Dry matter productivity per plant (g) were 34.9 ± 16.1 and 48.1 ± 24.1 outside and under the canopy, respectively. Under the Prosopis canopy, the nutritional values of O. ellisiana were increased, the nitrogen content, to almost double its value. Productivity cladodes per plant and concentrations of moisture, OM, ADF, NDF, K and P in the cladodes were also significantly higher under Prosopis, while Ca and Na were higher outside the canopy. Magnesium values were not affected by the position, under or outside the canopy.

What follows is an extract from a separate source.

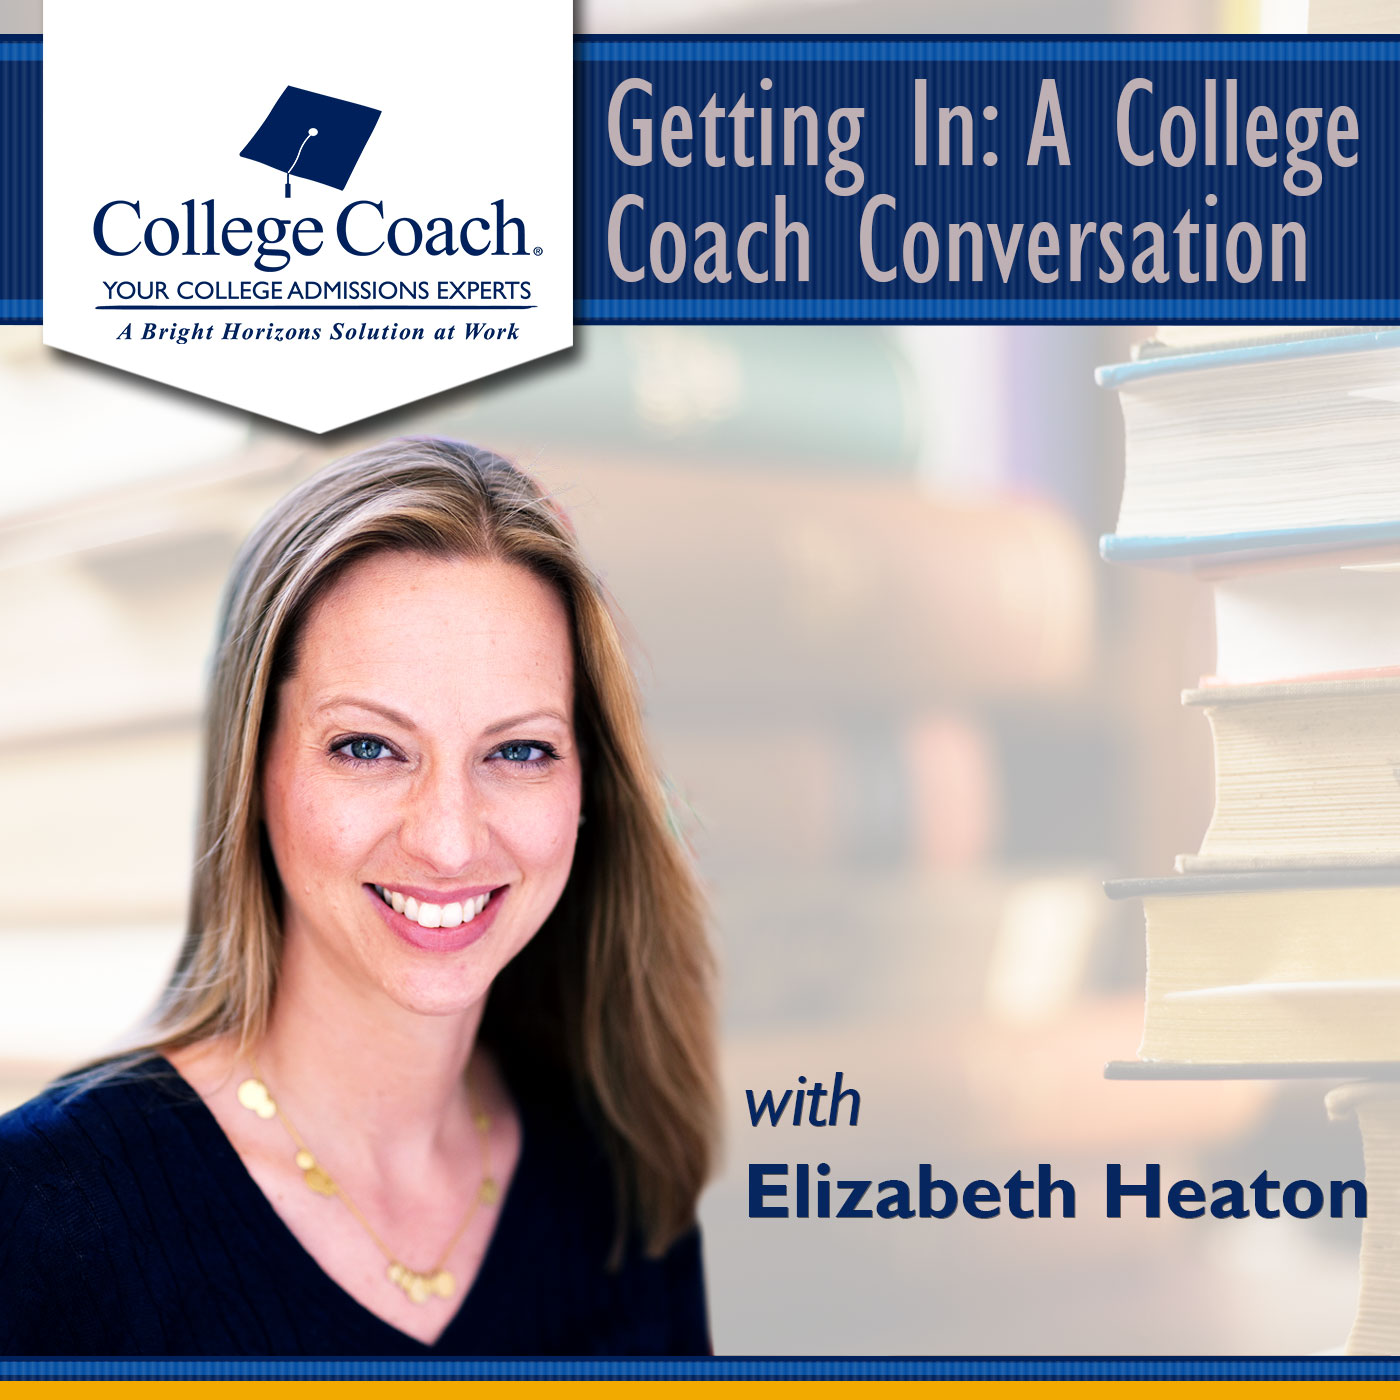 Office Hours: Summer College Visits; Evaluating College Career Services Offices; Your College Finance Questions By Elizabeth Heaton

Under the crown of the tree the effective precipitation is greater than outside of it, due to the runoff of the branches and trunk (20), which favors the leaching of Na in the soil; while an increase in N and P reduces the uptake of Ca and Na (8).
The improvement in the forage value of cactus under the Prosopis crown indicates the better condition of the site as a result of the higher nutrient content of the soil and the contribution of OM as mulch, resulting in the formation of fertility islands (26).
In arid and semiarid ecosystems, dominant woody plants are likely to cause changes in microclimate and soil properties by mitigating harsh environmental conditions (e.g., high temperature and radiation) and by modifying soil characteristics, resource availability (e.g., water and nutrients) and spatial distribution of nutrients (2, 6, 19).
The nurse effect of Prosopis improves the nitrogen content of cladodes in the same way as cattle manure applied to soil (10). The high doses of chemical fertilizers applied almost doubled the CP mean content of the 1-year-old cladodes when it was compared with the treatment in which no fertilizer was added: 7.8 and 4.3% DM, respectively (17).
There is no significant influence (p>0.05) of the north/south orientation under the canopy on the measured variables.
There are significant differences (p<0.05) in productivity and nutrient content for cactus planted under and outside the Prosopis canopy. The nurse effect of Prosopis improves the nitrogen content of cladodes in the same way as cattle manure or high doses of chemical fertilizers applied to soil. The enrichment of the pastoral system in arid environments by the introduction of Opuntia associated to Prosopis increases both the productivity and forage quality of the system.